Exercise directions - Restate the data below word for word. Skip any images it contains.

Recorded data -
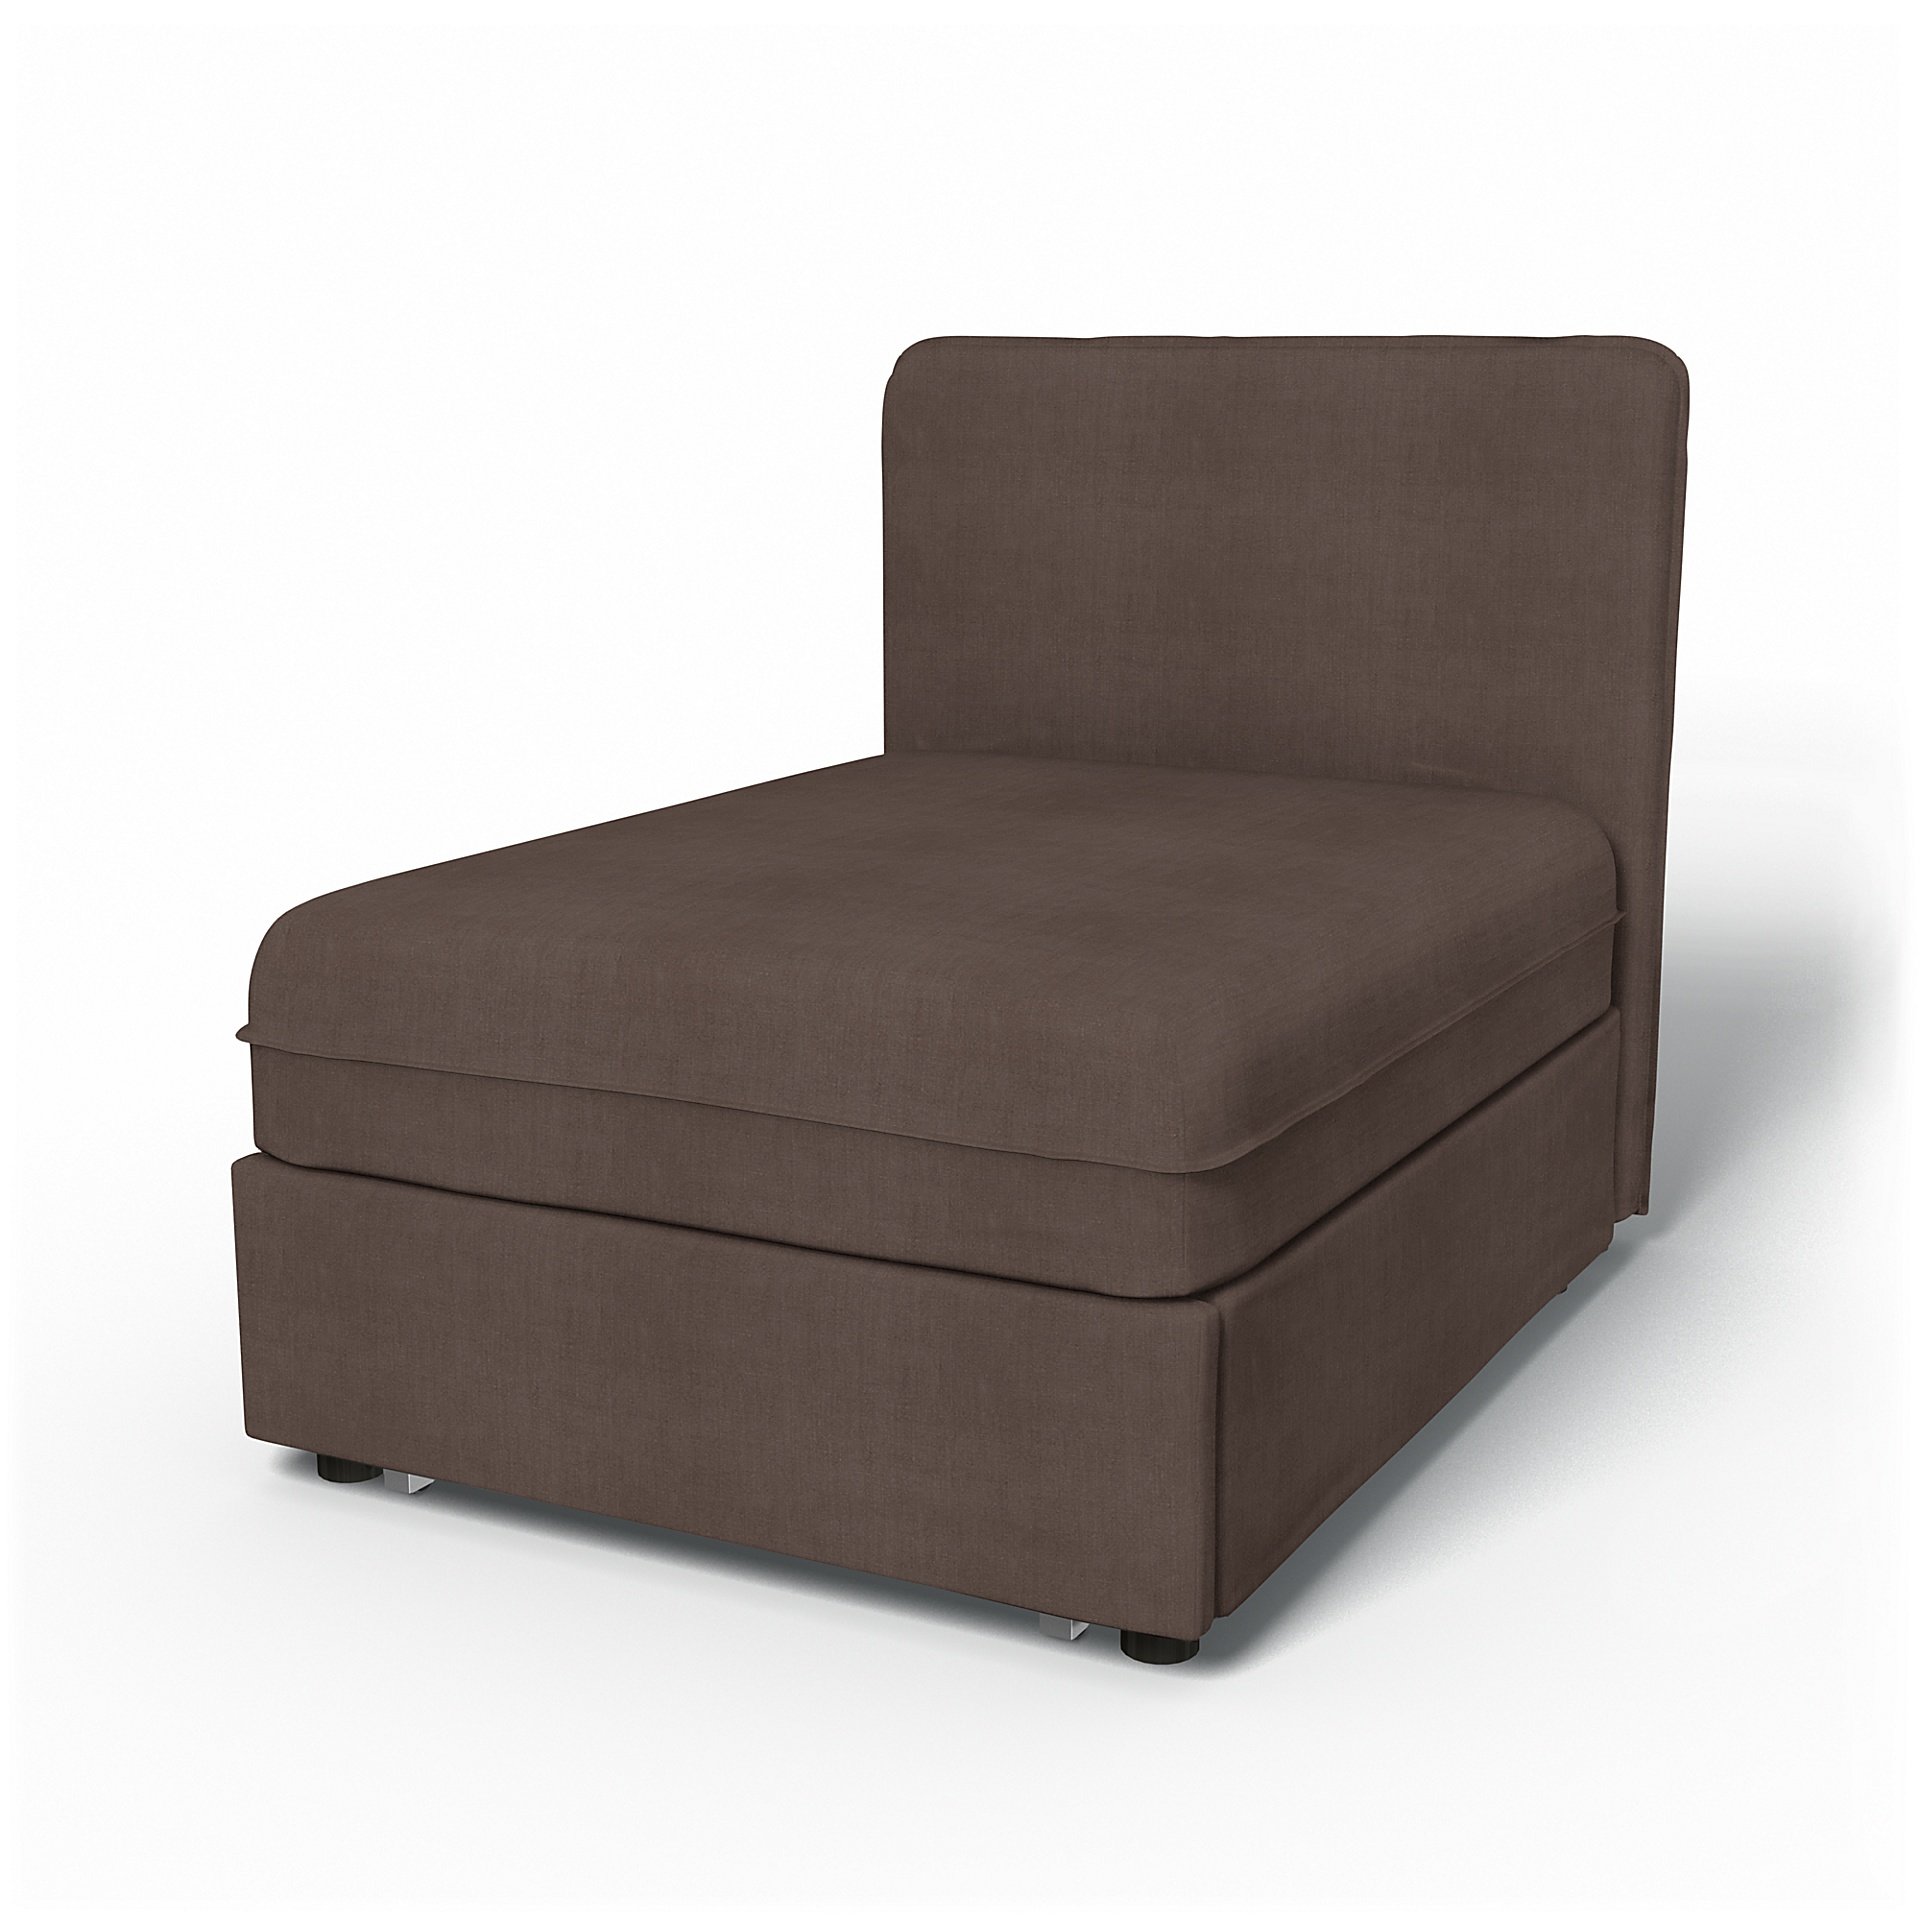 IKEA - Vallentuna Seat Module with Low Back Sofa Bed Cover 80x100 cm 32x39in, Cocoa, Linen - Bemz
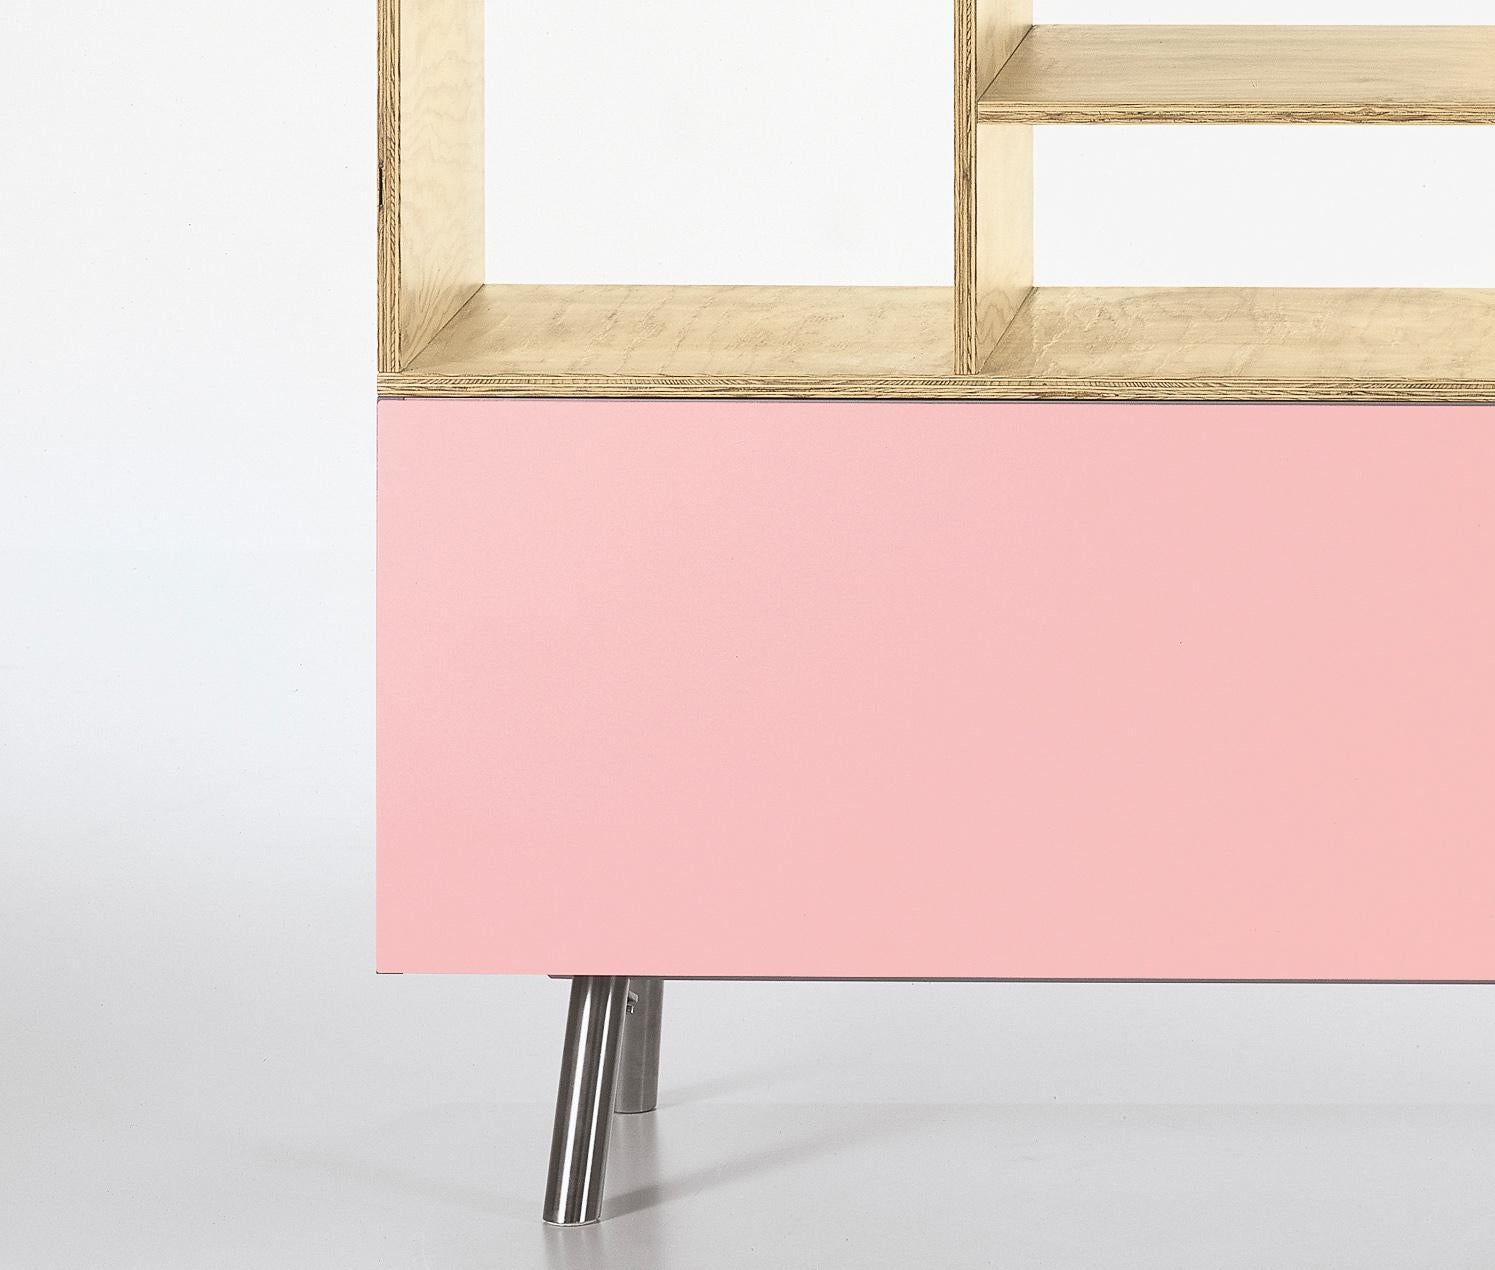 These items are only available in the United States.

Modular in structure, the Kast storage unit starts with a sideboard as the base version. Maarten Van Severen paid special attention to the colors of the sliding doors, which not only emphasize

Your response -
 IKEA - Vallentuna Seat Module with Low Back Sofa Bed Cover 80x100 cm 32x39in, Cocoa, Linen - Bemz
 These items are only available in the United States.

Modular in structure, the Kast storage unit starts with a sideboard as the base version. Maarten Van Severen paid special attention to the colors of the sliding doors, which not only emphasize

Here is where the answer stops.